Matot- Massei
Posted on Thursday, July 16th, 2009
The Torah demands not only adherence to a body of laws but a deep knowledge of one’s self and one’s limitations. Whereas Jewish law covers many facets of daily life, offering a structural framework through which to establish a constant relationship to G-d, this does not replace one’s responsibility to police one’s self in places where one is vulnerable. For example, the torah completely permits consumption of significant amounts of chocolate cake, a person should be aware if that type of consumption is unhealthy, psychologically or physically, and restrain him or herself accordingly.
We find this phenomenon in the Parsha where those who went out to war against Midian brought back some of the citizens of Midian as spoils of war.

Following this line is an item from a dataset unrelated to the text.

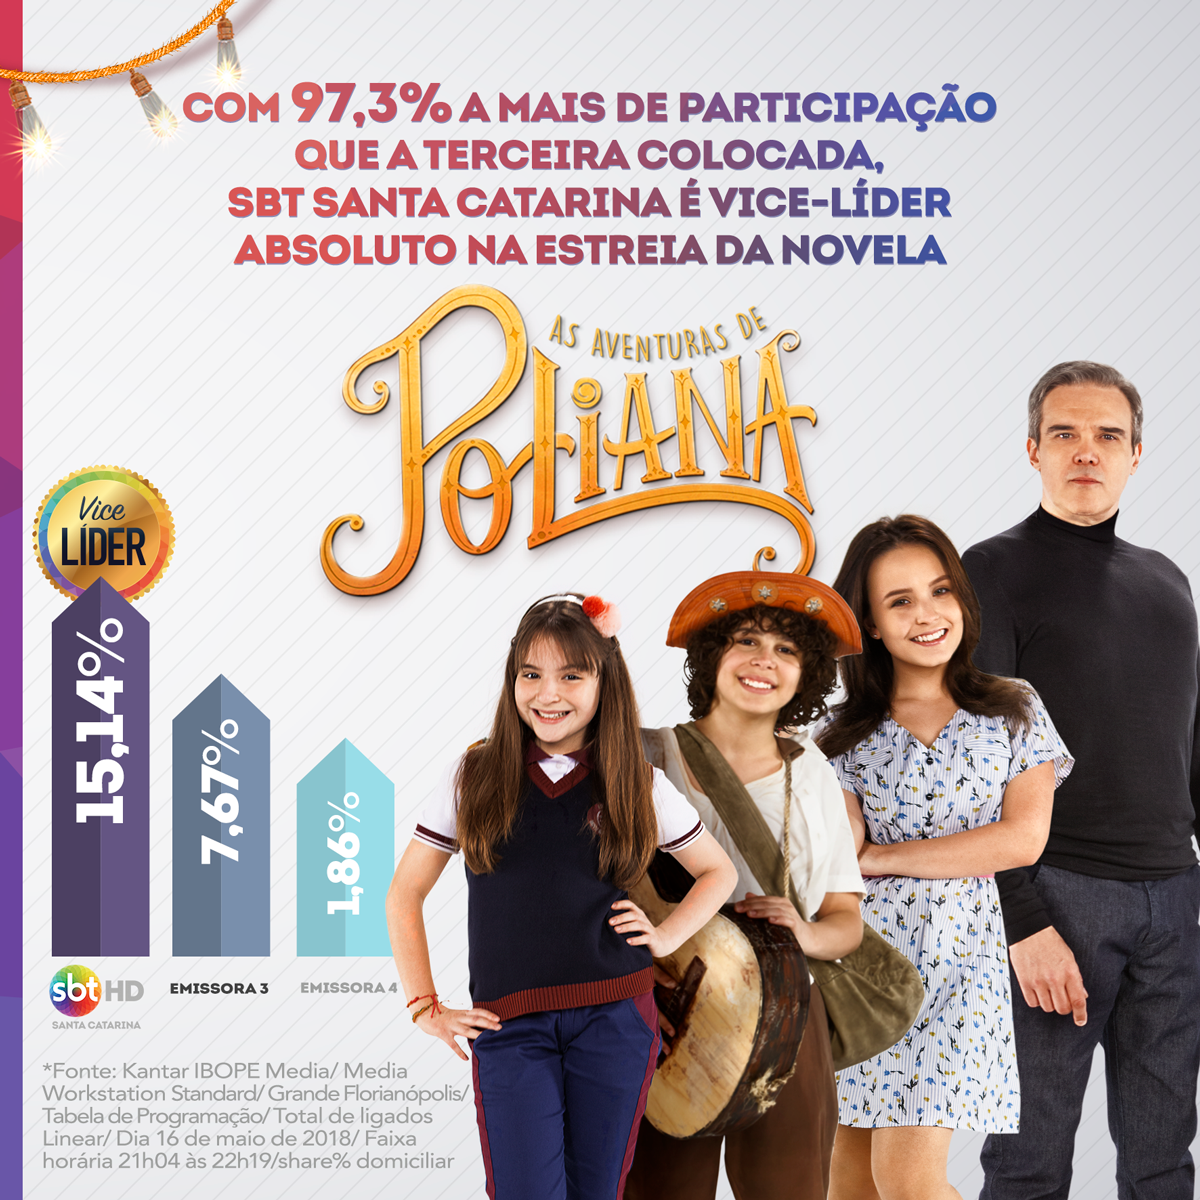 SBT Santa Catarina é vice-líder absoluto durante a estreia da novela ‘As Aventuras de Poliana’

When Moshe goes out of the camp to greet them, he becomes angry that they have taken female captives. ‘Are these not the women who caused you to stumble at Pe’or?’ he asks them, in reference to the end of last week’s parsha, where the women of Midian were sent out to seduce Jewish men into sin. Rashi even comments that he pointed to specific women and said ‘So-and so sinned with this woman’ and ‘so-and-so sinned with that woman’. While it is permitted in Jewish law to bring back human spoils of war, these soldiers seemed to have forgotten the role their own senses of limitation play in the process of decision-making.
There are two opposite and equally dangerous phenomena within the possible relationships to religion. One says, ‘I refuse to have anyone tell me what to do.’ That means the Torah, whoever wrote it, has no power to tell me how to live my life.’ The other, equally dangerous way, is to say, ‘Since the Torah tells me what to do, I can stop thinking.’
The Torah offers a minimal framework whereby a ‘normal’ person (if there is such a person) can make most of the basic decisions in their lives- what to eat, who to marry, how to earn a living, when to pray, how to pray, and the like. But the Torah, in many ways, is a form and not a content. For example, the Torah tells you when and how to pray. But it does not tell you what to pray. The Torah tells you it is good to be married, and even who it would be appropriate to marry. But the Torah does not tell you how to express your love, and it does not tell you what sorts of problems you will have along the way.
The Torah should not have to command ‘learn from your spouse’ – it is something you have to figure out on your own. The Torah does not tell you ‘Be in awe of your children’ – you have to figure that out on your own. You must constantly be looking for the ways G-d speaks – the Torah offers a framework from which to begin that amazing journey.